From: Dean Hall <address@hidden>
[...]
> Using volatile can then become confusing for a trivial fragment such as 
> this:
>         volatile v = 42;
>         v = ((v=12) | (~v) | (!v));
> Does this cause two loads of v?  Is v equal to twelve or forty two when ~v 
> is executed?  Answers are left as an exercise to the reader.

1) Yes (two writes to v).
2) The last value written to v is 1.  The expression (~v) is never executed,
   and the compiler is free to refuse to generate code for it, or for the 
(!v).
   The value of v is not known to the compiler.

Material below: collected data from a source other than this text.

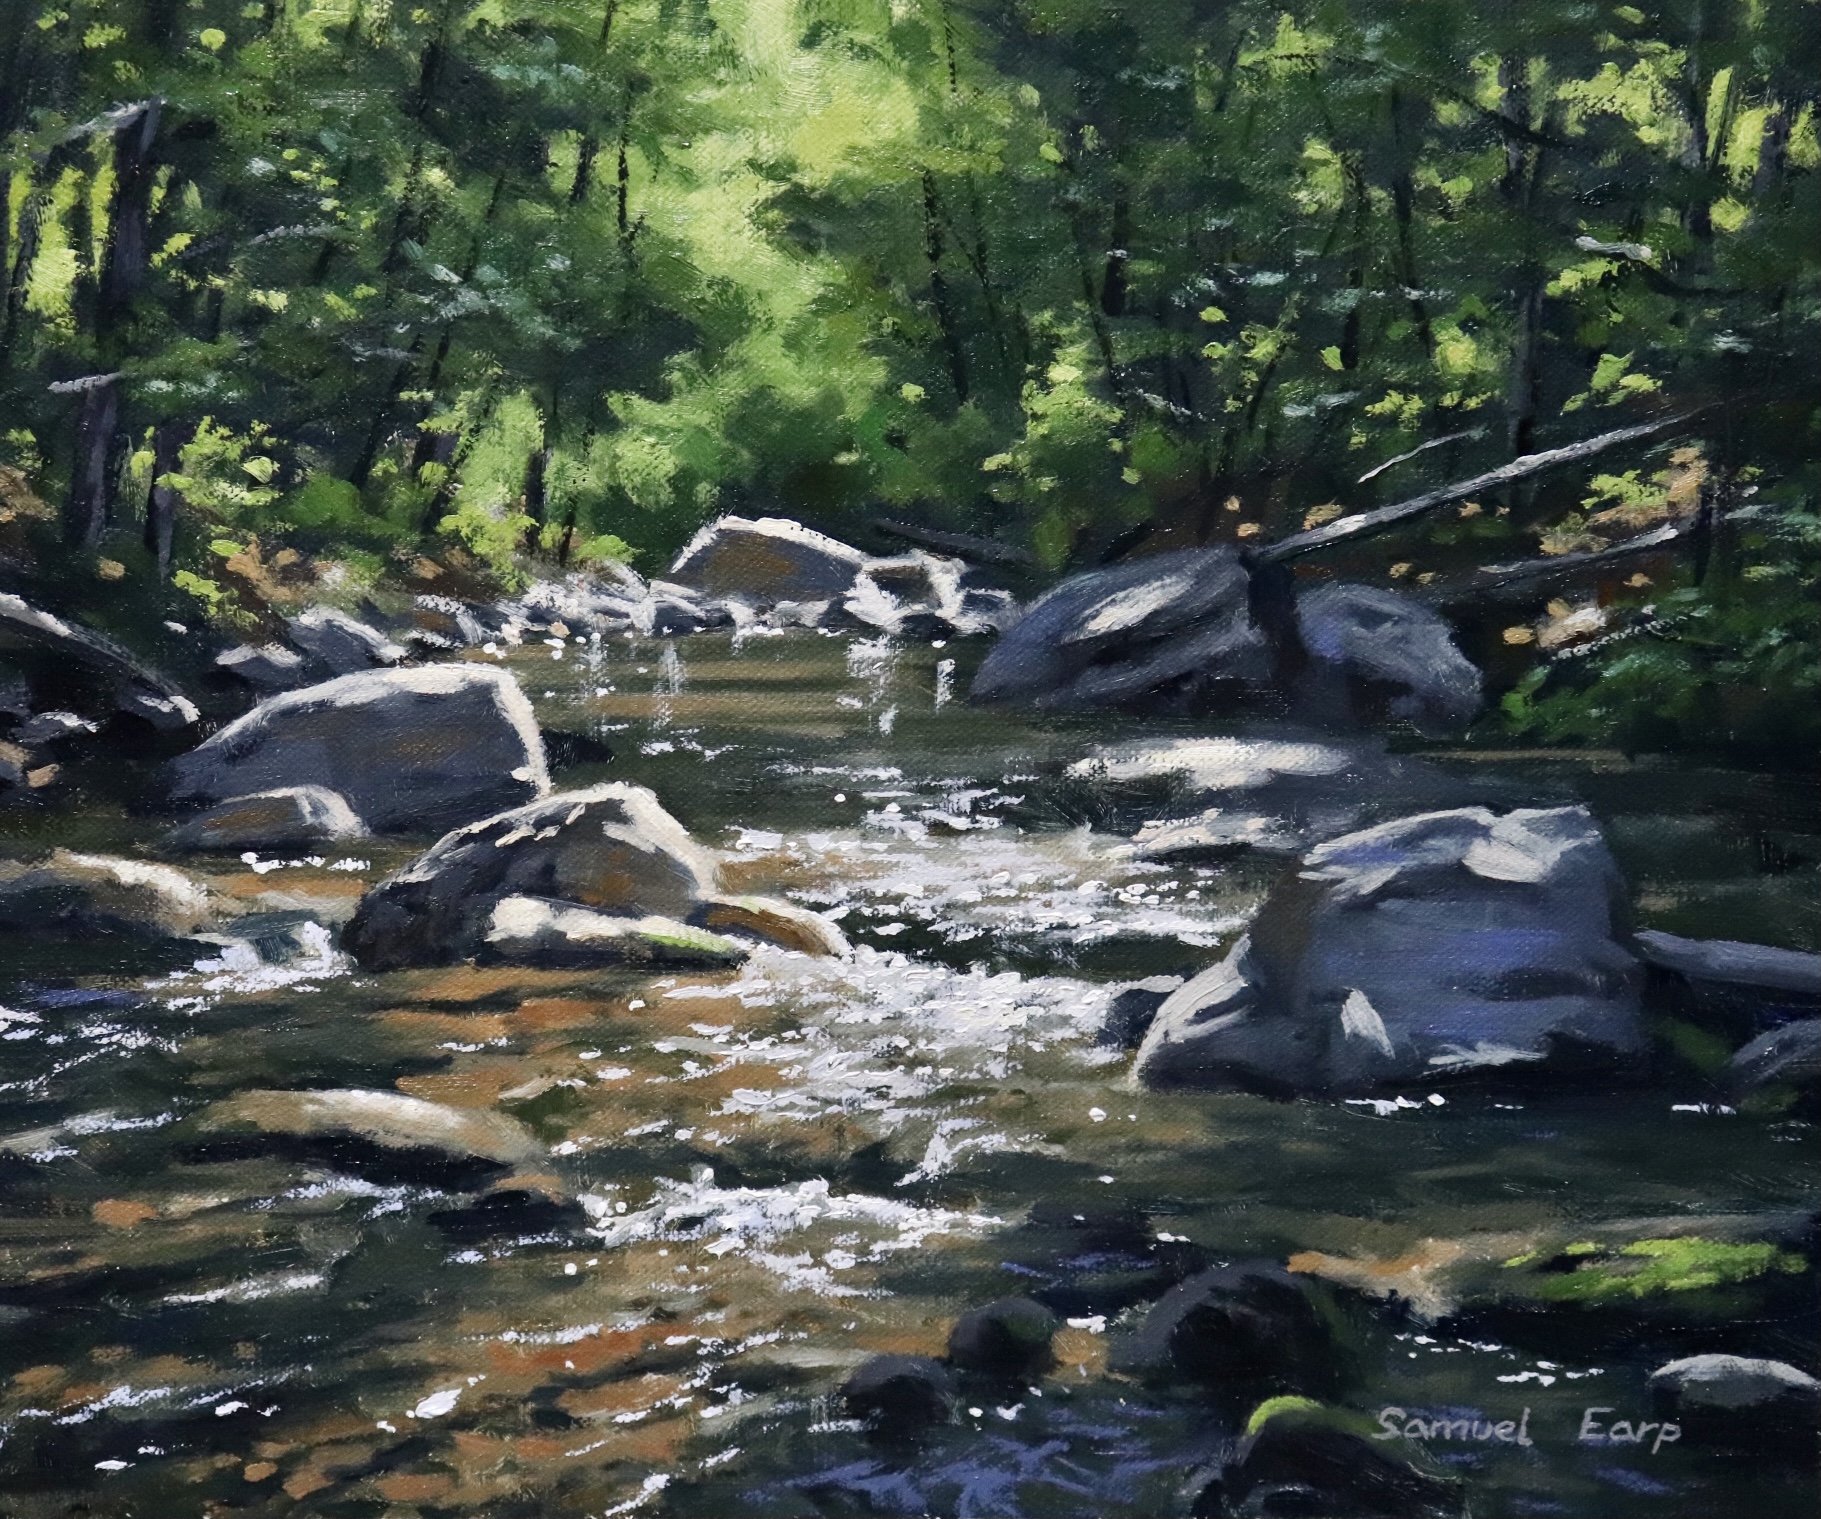 How to Paint a Forest, River Landscape - Samuel Earp Artist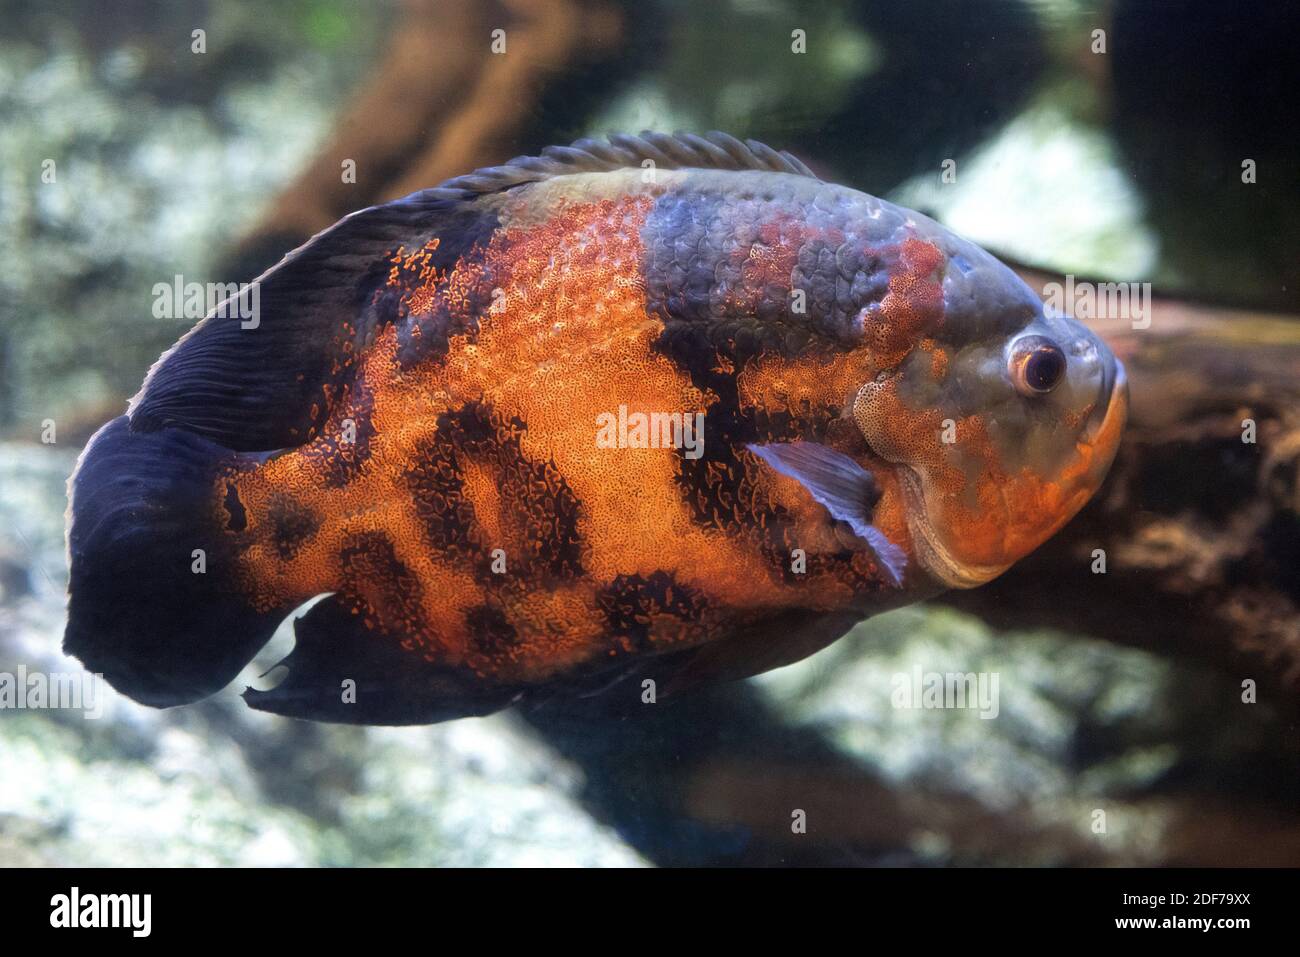 Oscar ou tigre oscar (Astronotus ocellatus) est un poisson d'eau douce originaire du bassin de l'Amazone. Banque D'Images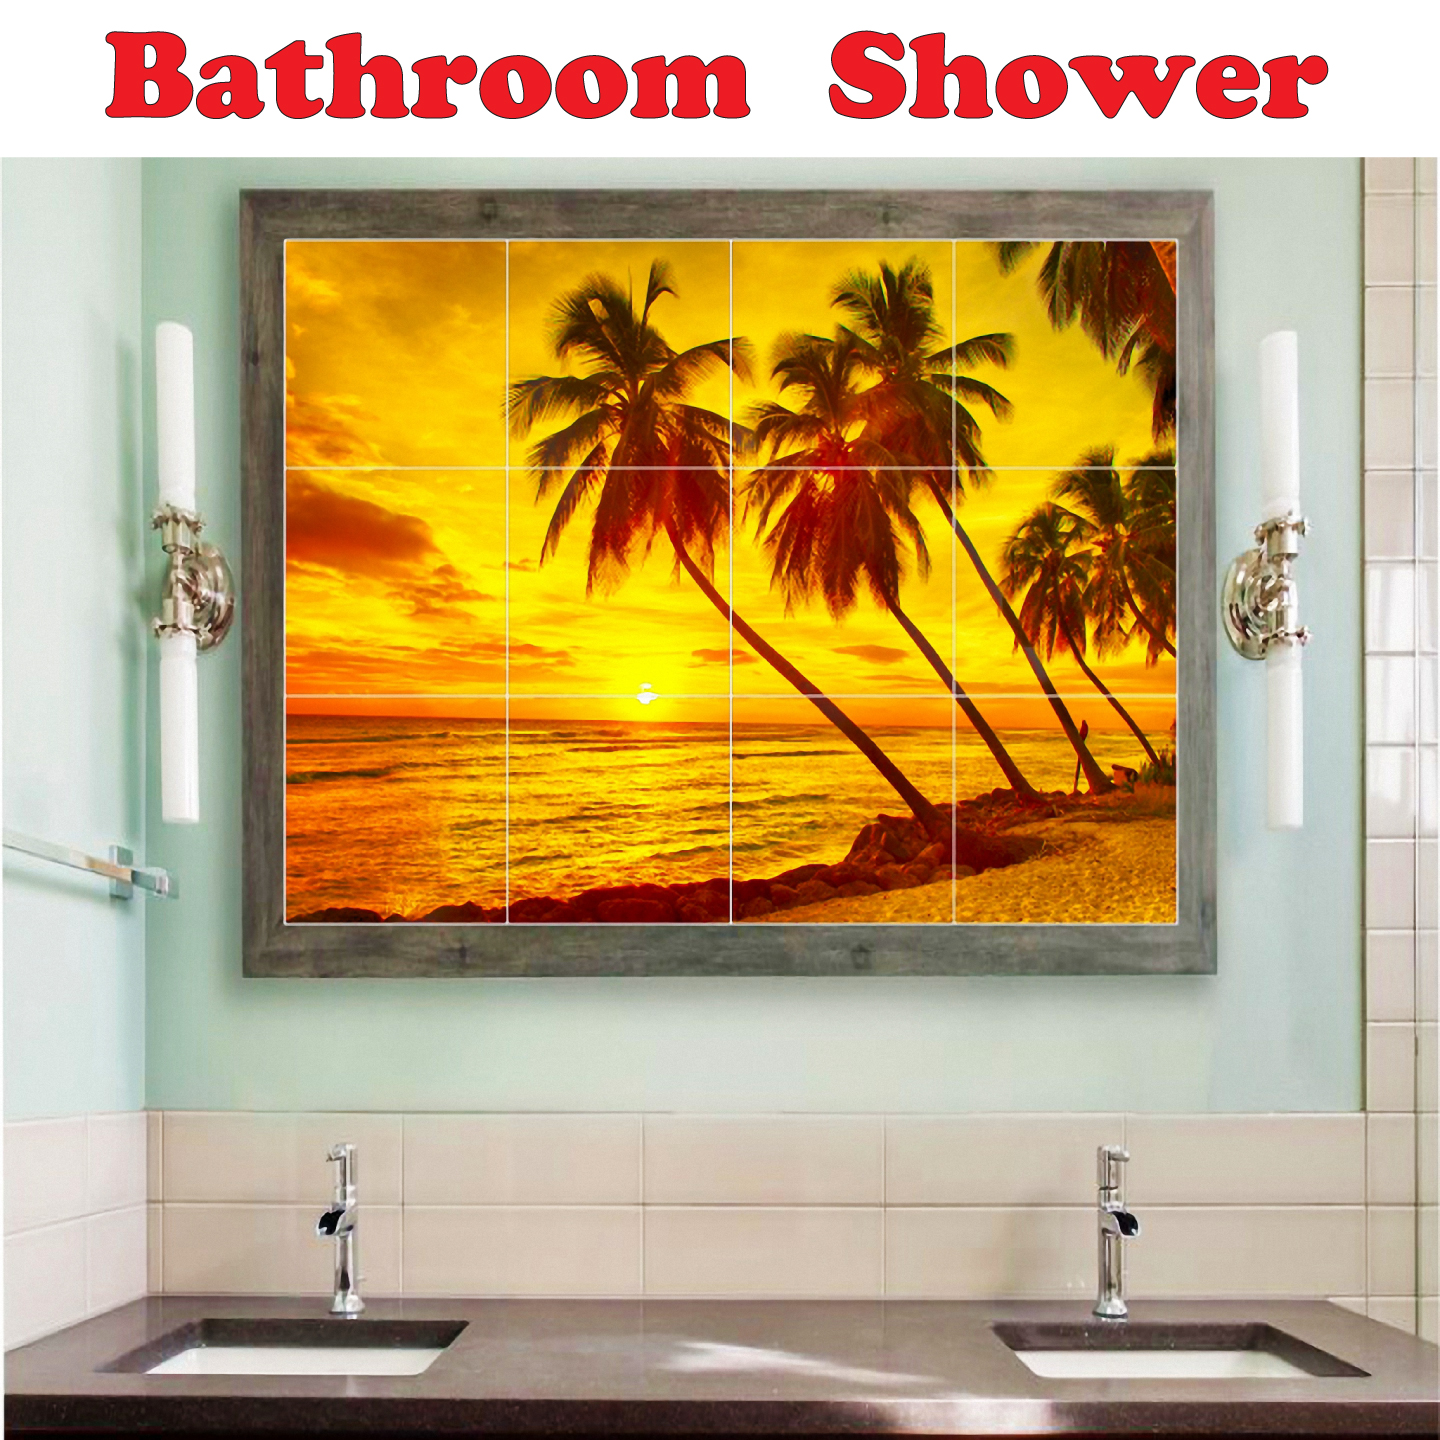 Dolphin Ceramic Tile Mural Kitchen Backsplash Bathroom Shower, 402808-XL64 - image 3 of 3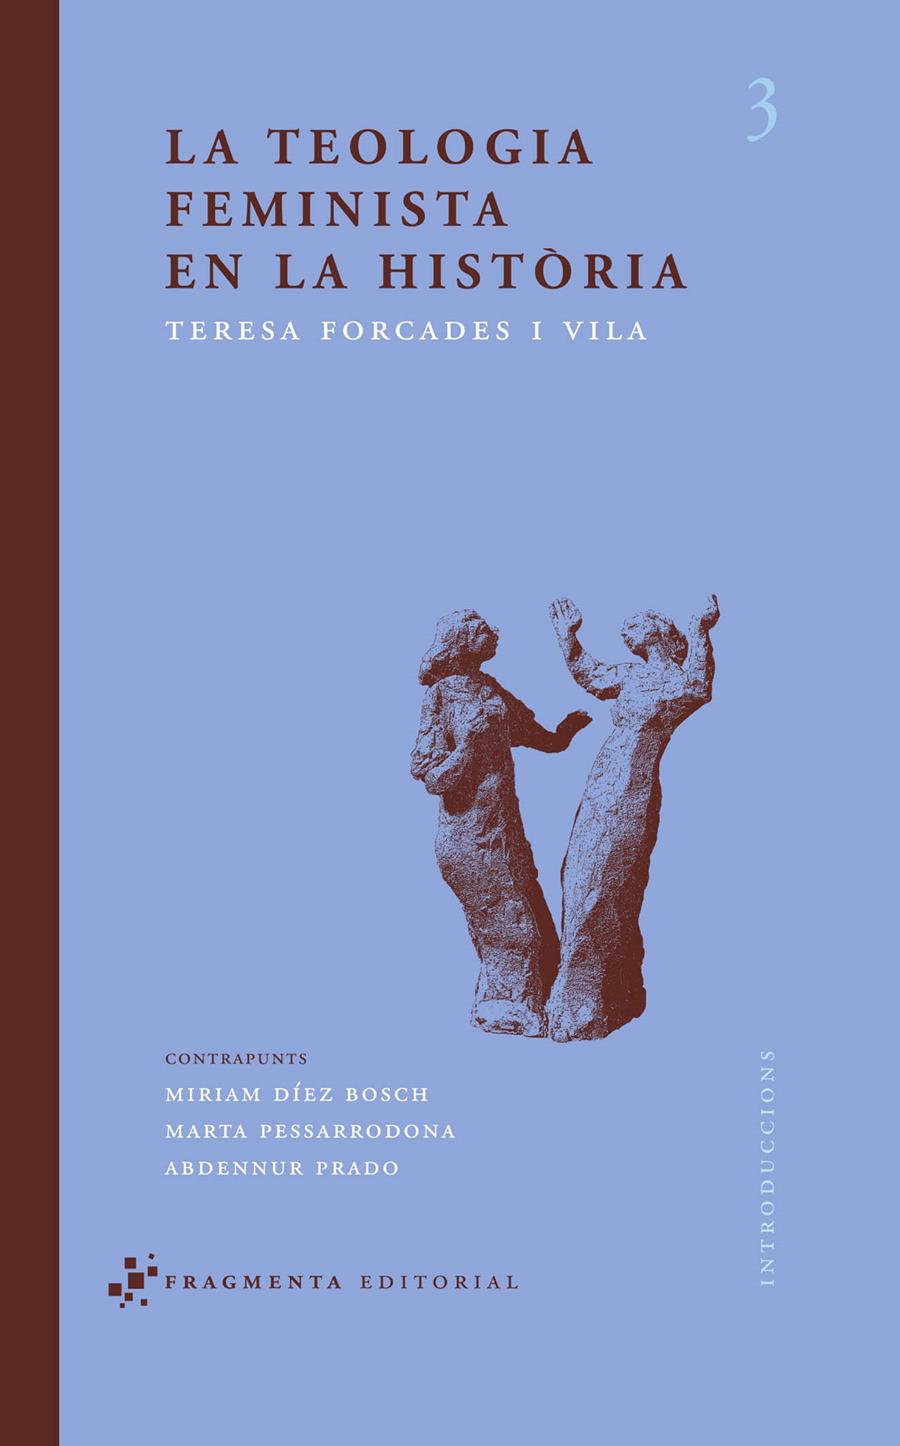 La teologia feminista en la història | Forcades i Vila, Teresa | Cooperativa autogestionària

>  But let me give this advice to all: when declaring a volatile variable, 
> use it only in very simple statements.  In the embedded space, especially 
> when dealing with volatile, it is a good programming practice to break 
> complex actions into multiple lines of simple statements.  This makes 
> things clear to the reader and assists debugging.

Agreed.

I still argue that, given volatile b, the expression "a = b = 0;" requires 
the compiler to clear "b", read "b",  and store the result in "a" rather 
than simply clearing a and b.  The committee disagrees.  But the point is 
really moot: if there is a reason "b" is volatile, treat it with more 
respect to guarantee it is handled the way you require rather than employing 
stupid code tricks.

[...]

> Also be aware that the compiler is within its right to convert the line "v 
> = 42;" into two, three, or N identical store instructions,

Is this the same (volatile) v?  If so, then no, it is not.  If v is 
volatile, this expression must cause a single access to v, no more, no less.

If v is not volatile, you are correct.

The only wiggle room the standard gives here is that what constitutes an 
"access" to a voltatile variable is implementation-defined.

Regards,
  -=Dave